Between my childhood, into my teens and into my 20s, I was at an ideal
weight. I'm 6 feet tall. I used to be all of about 145 lbs in my
early teens, then worked up to about 155 and to 160. I was always
active, always outdoors, always playing sports. I won 3 physical
fitness awards from elem. school into middle school. In high school, I
was in track & field. My friends and I played football in the street
practically everyday. I got into biking in my late teens, but not
seriously, just for exercise. In my 20s, my activity was going out to
the nightclubs and dancing 2 or 3 times a week, for 6 hours a night.

Then, I entered my 30s and things went down hill from there. My jobs
pretty much made me sedentary like so many other Americans, and I could
no longer just eat whatever I wanted to and get away with it. I guess
you could say, what people told me finally came true: my matobilism
finally caught up up me and ran on past me.
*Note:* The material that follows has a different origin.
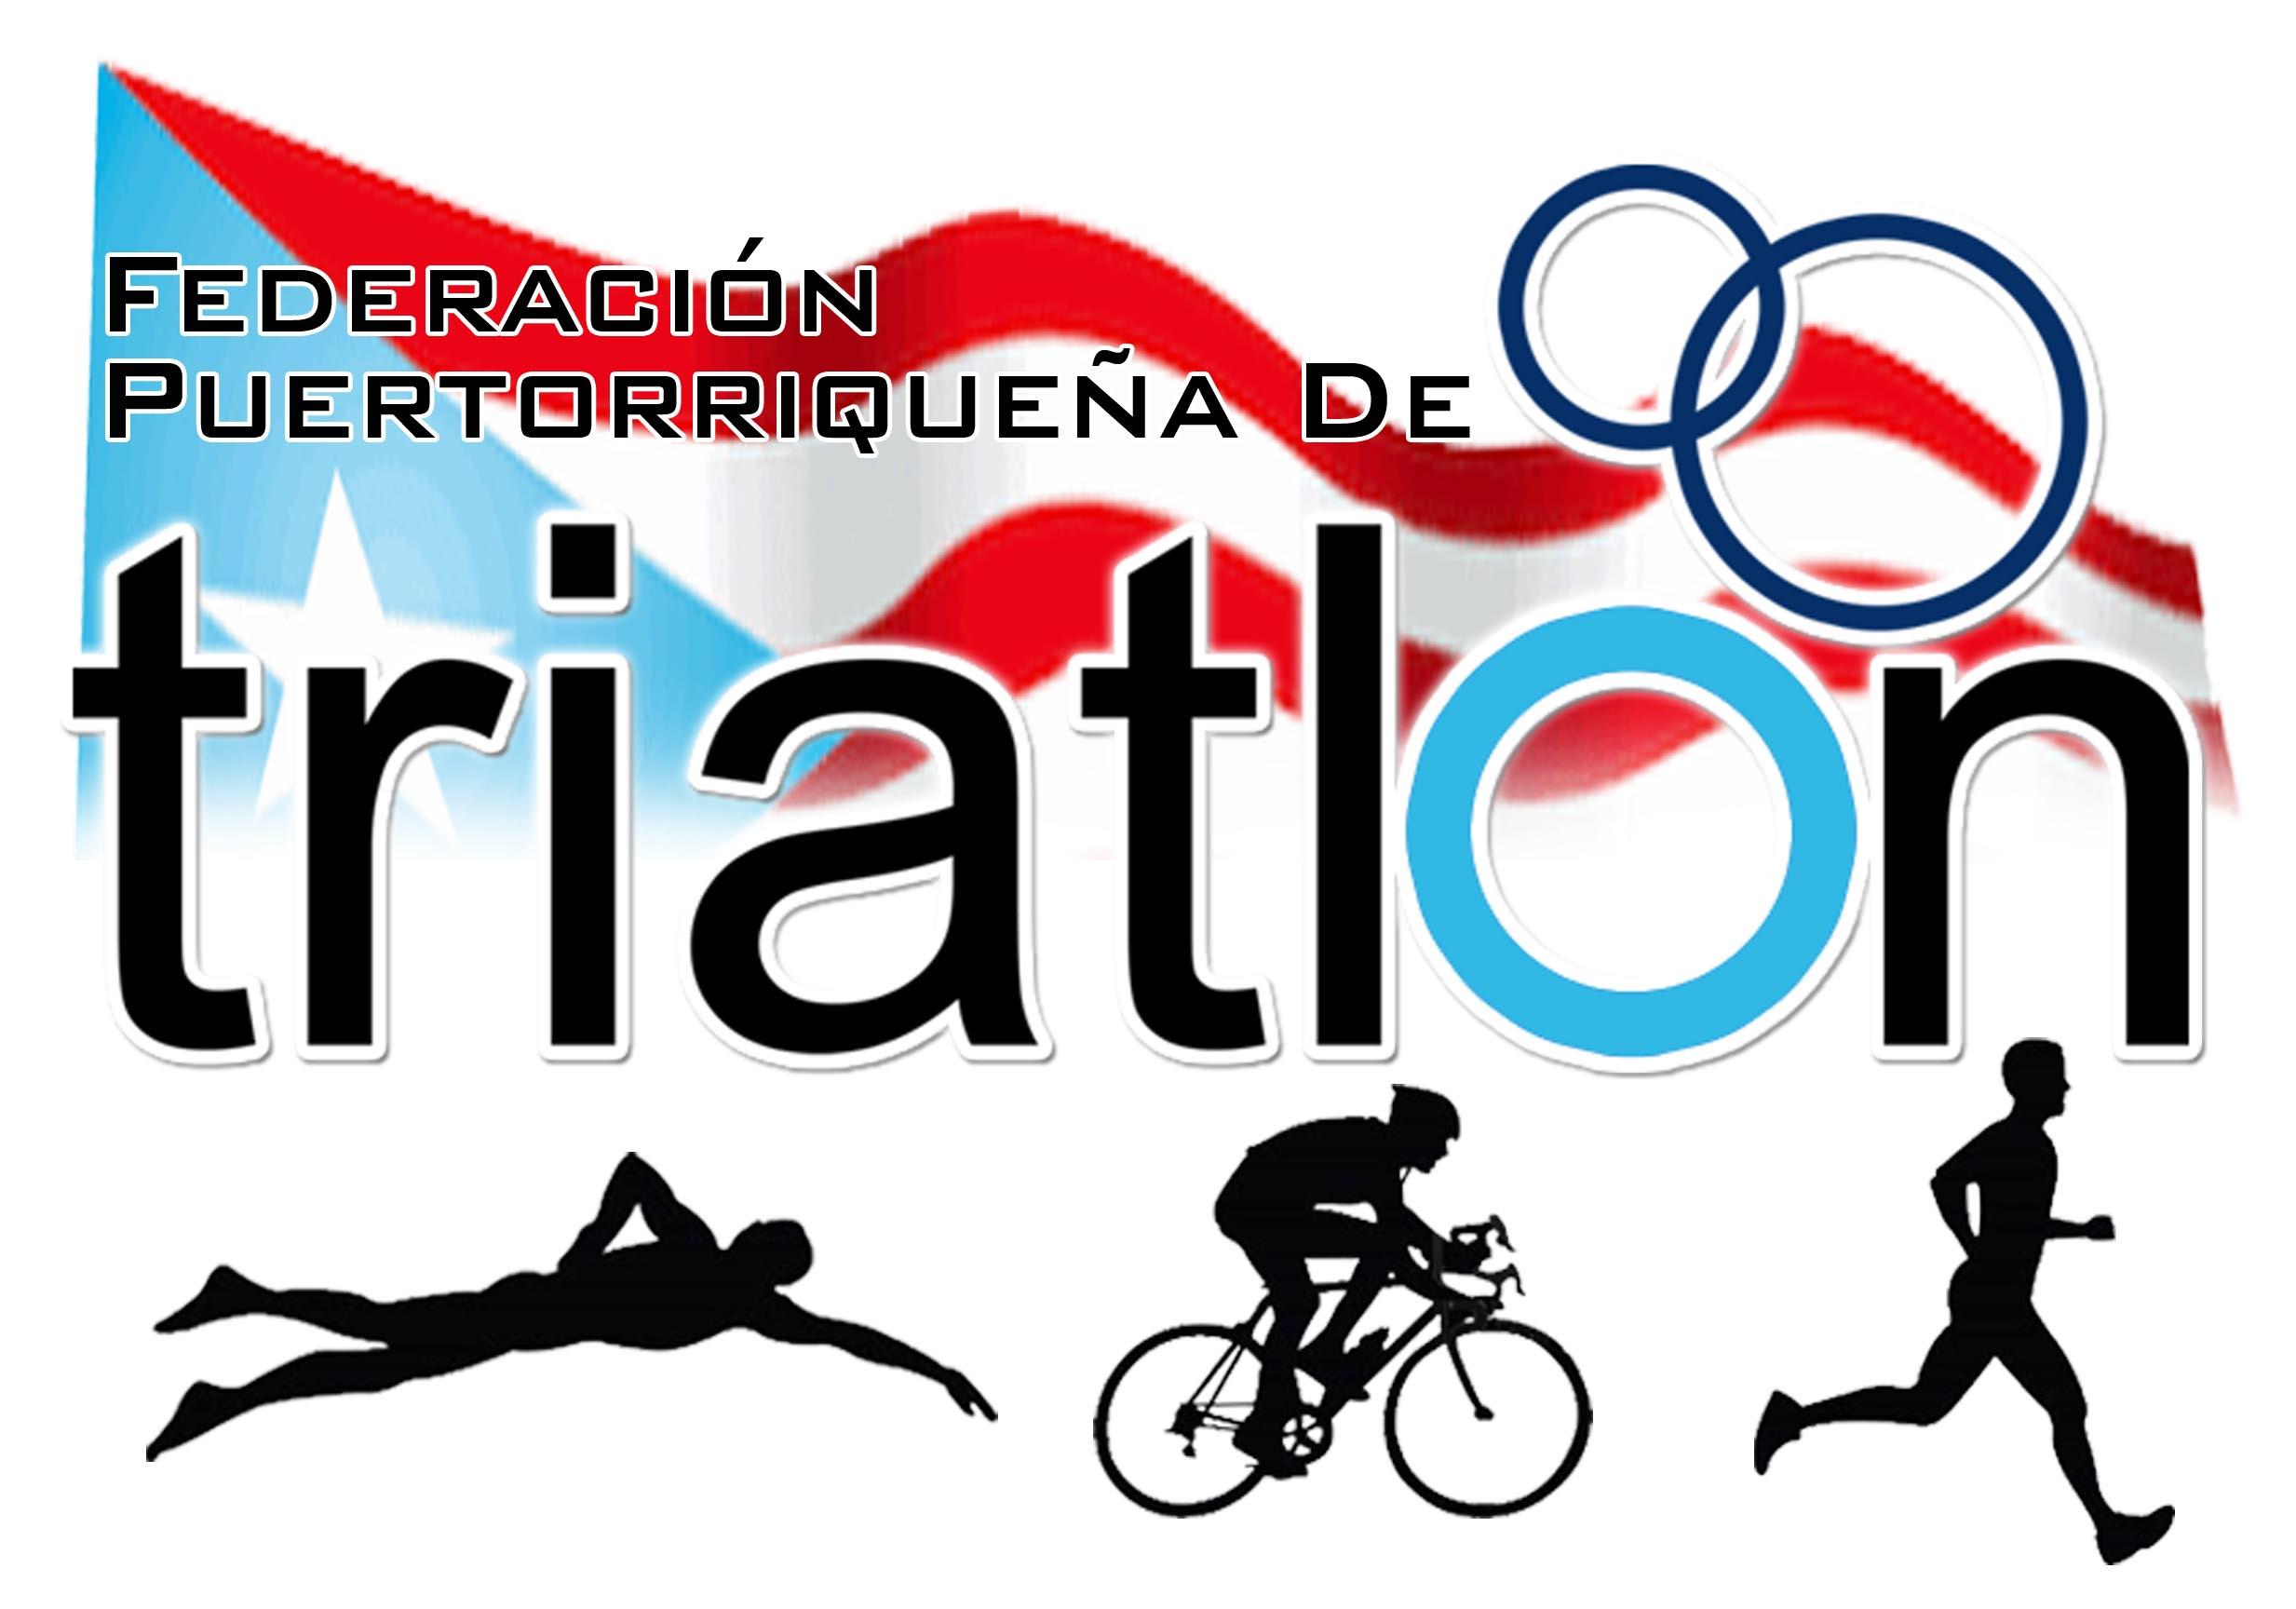 Federación Puertorriqueña de Triatlón logo

I saw so many of my friends turn to cycling to lose the weight. Some
of them surpassed me in weight by MANY lbs. As soon as they began
cycling, they became virtual tooth-picks! I couldn't believe me eyes.
I still can't. "What is your secret?" "What diet are you on?" ...
"Nothing, I just started bicycling."

So, then I started doing the same, and as hard as I ride, and as far as
I ride, it has done NOTHING to change my weight, and I am getting,
frankly, quite depressed. No pain, no gain? Well, I have done the
pain and showed little gain, except a fatter ass. I'm going out, riding
at least 200 miles a week with no results. Sure, my legs feel like
wrought iron underneath the layer of fat that encases it all. My
stomach keeps sneaking a little more outwardly pudge everytime I look
in the mirror. I weigh myself everyday looking for results and find
none.

I rode 100 miles this past Saturday, and when I got home, I lost about
4 or 5 lbs. I was just shy over 190. Then, I weigh myself today, and
I am just under 200. What the HECK is going on?? I'm wondering if
most of that is water gain. I mean, I felt like I couldn't get enough
to drink the past few days, and with all the liquid I am drinking,
you'd think I would be ****ing like Niagara Falls. Nope.. Just a
tinkle here and a tinkle there. So, my body must be absorbing it like
a sponge and storing it all up.

And I am finding it hard to believe that my friends (not really CLOSE
friends) are doing NOTHING aside from cycling. They must be dieting,
also. But as much as I tell myself that I will not eat a tall
cheeseburger and fries after a hard ride, it just doesn't happen. The
bad side always wins. It is SOOO hard when my body is hanging on by a
thread after a long ride in the saddle.

The odd thing is, with all the cycling I have been doing lately I can't
sit down and eat a large meal. What I used to pack away before, I can
no longer do. Value meals, etc. Whatever - I eat about half of it and
I throw the rest away because I feel full. But, even though I am
eating half the portion that I used to, I am NOT losing weight.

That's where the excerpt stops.